* _Your task_:
Which lines run from the one containing "#NONINVASIVE" through the end of the material? Reproduce them exactly.
================================
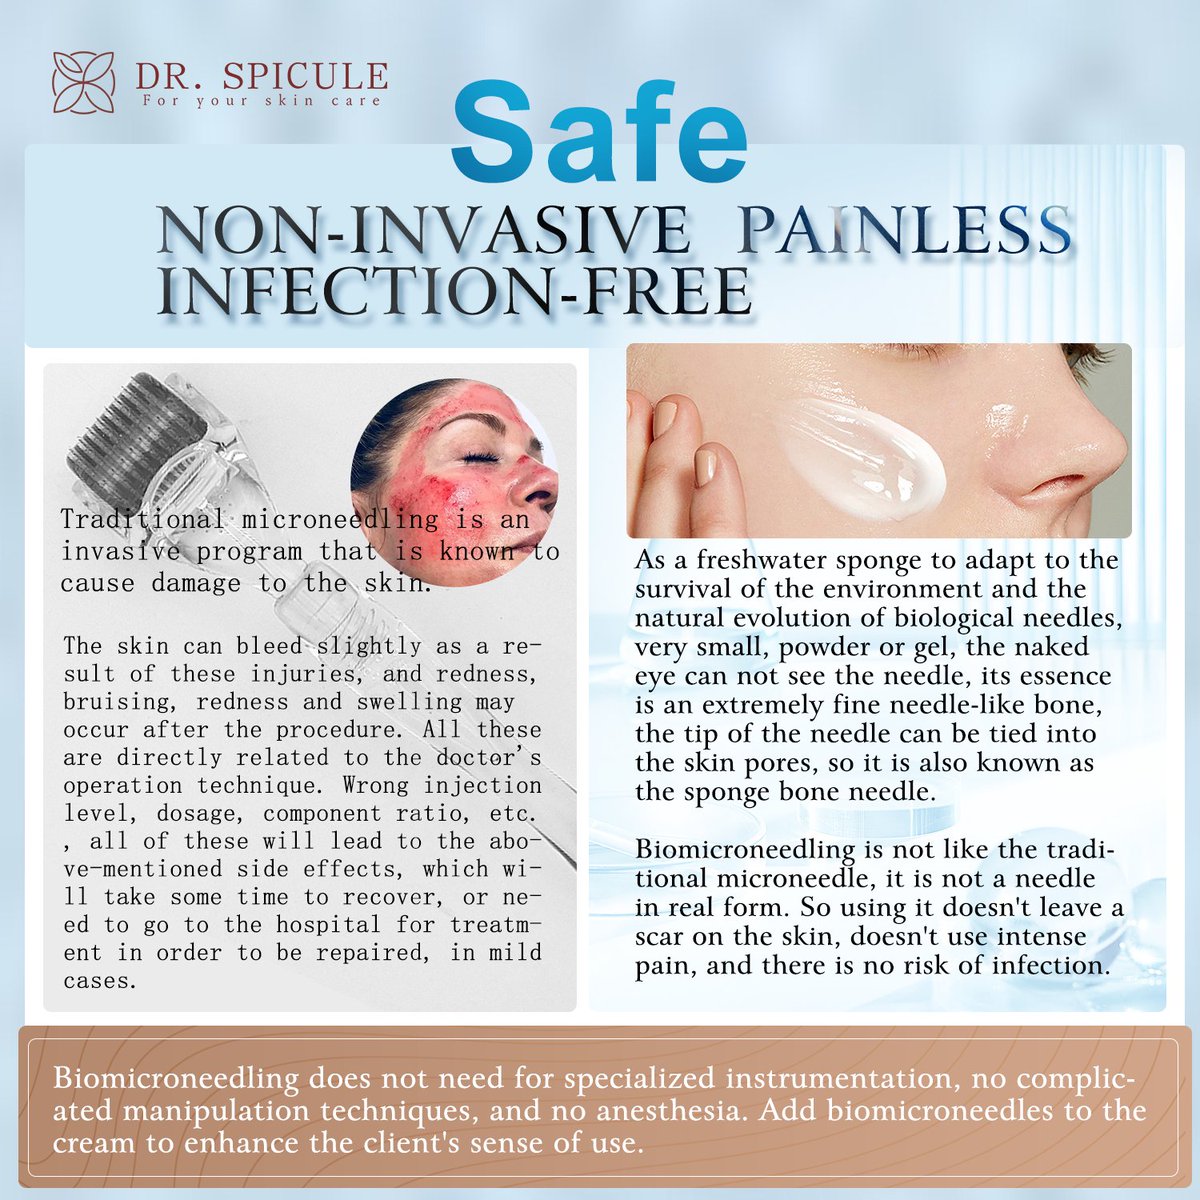 Why is DR. SPICULE safe?
#NONINVASIVE 
#PAINLESS
#INFECTIONFREE
#Biomicroneedling does not need for specialized instrumentation, no complicated manipulation techniques, and no anesthesia. Add #biomicroneedles to the cream to enhance the client's sense of use.
👇 👇 👇
================================
* _Response box_:
#NONINVASIVE 
#PAINLESS
#INFECTIONFREE
#Biomicroneedling does not need for specialized instrumentation, no complicated manipulation techniques, and no anesthesia. Add #biomicroneedles to the cream to enhance the client's sense of use.
👇 👇 👇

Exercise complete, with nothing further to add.